Imagine signing up to a market-leading internet provider, only to discover sometime later that not only were other companies offering better deals, but your provider hadn’t exactly broken its back to invest in high-speed connectivity.
Who cops to the blame? Is it deceitful, or just bad service? Or is the onus on the customer to check the fine print?
Internet providers, of course, are not held to a fiduciary standard – but the scenario bears some similarities to the raft of litigation against brokerages over the interest rates they pay on cash clients hold in investment advisory accounts. The allegations claim that firms violated their fiduciary duty by providing relatively low rates on cash sweep accounts, while making large spreads on the money. Another line of the litigation accuses companies of failing to adequately disclose to clients that they had higher-yielding options available for their cash.
At the time of writing, and as reported by InvestmentNews, Wells Fargo, LPL, Merrill Lynch, Morgan Stanley, and Ameriprise were all facing lawsuits over their cash sweep rates, while the SEC was seeking “information” about certain Morgan Stanley accounts and investigating Wells Fargo. Wells Fargo and Morgan Stanley responded by changing the pricing for its cash sweep accounts.
No one cared much about these accounts when the federal funds rate was in the near-zero range, but the post-COVID spike to more than five percent has highlighted a disparity. Recent lawsuits against Wells Fargo cite its cash sweep rates in the 0.35 percent to 2.2 percent range, depending on the size of the account, comparing this unfavourably to sweep rates at Vanguard and Interactive Brokers of 4.6 percent and 4.83 percent respectively.

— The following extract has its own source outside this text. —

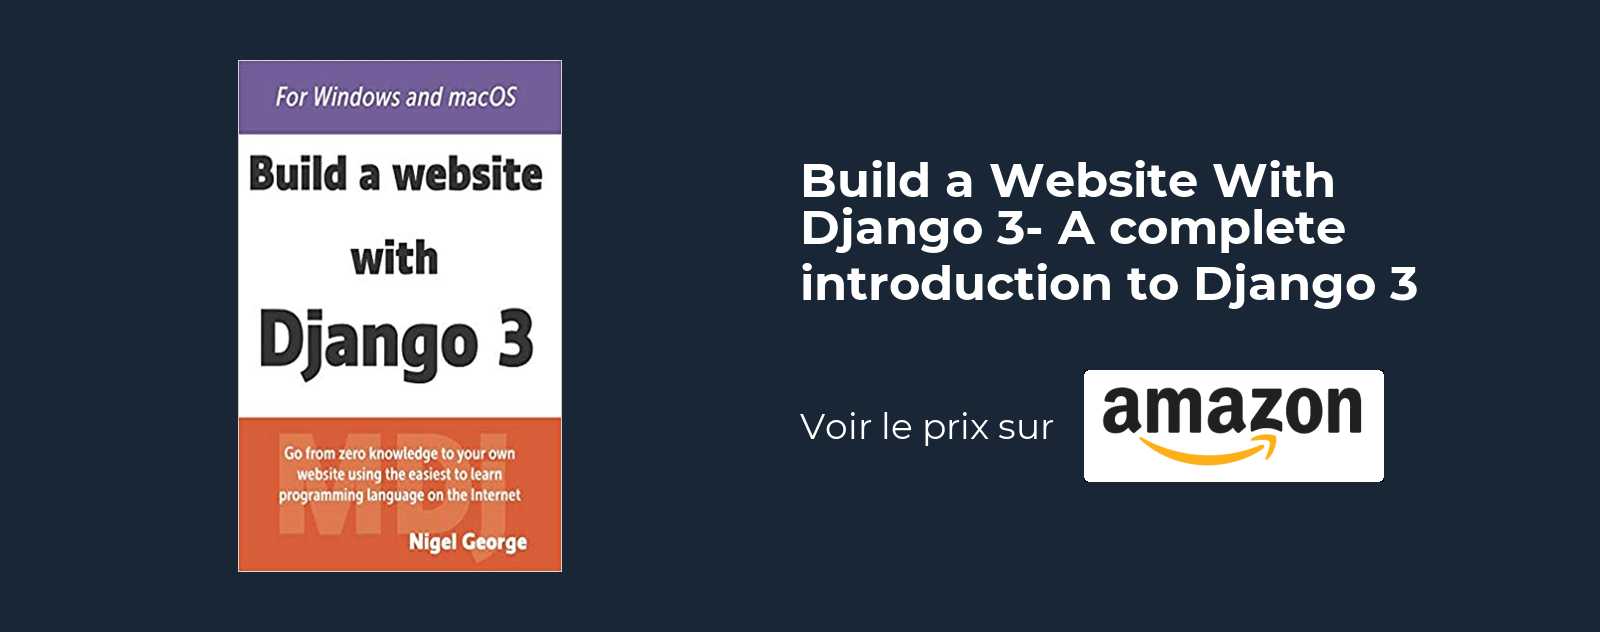 Build a Website With Django 3- A complete introduction to Django 3

Low cash-sweep rates can undoubtedly generate significant revenue for these firms, who hold billions of dollars in these accounts. Are these cases of firms hiding the price tag, or are clients simply not paying enough attention? Success for the plaintiffs is hard to imagine if these rates were adequately disclosed.
The money held in these advisory accounts, unlike in brokerage accounts that fall under Regulation Best Interest (Reg BI), are held to a higher fiduciary standard. In this case, whether the firms violated this duty may depend on what exactly the relationship with the client was and whether a financial advisor was involved.
Of course, one firms is not obliged to offer higher rates just because another firm is, the argument being that these are designed to be transitory accounts and that generating revenue from them is simply smart business. But are clients getting fairly rewarded and are they being presented with the full range of options as to where to park their cash? Is this a case of clients being defrauded or just getting the rough end of sub-optimal service? These are all questions the allegations pose. One thing is for sure: cash sweep rates are now on everyone’s radar – and clients will be paying extra-close attention.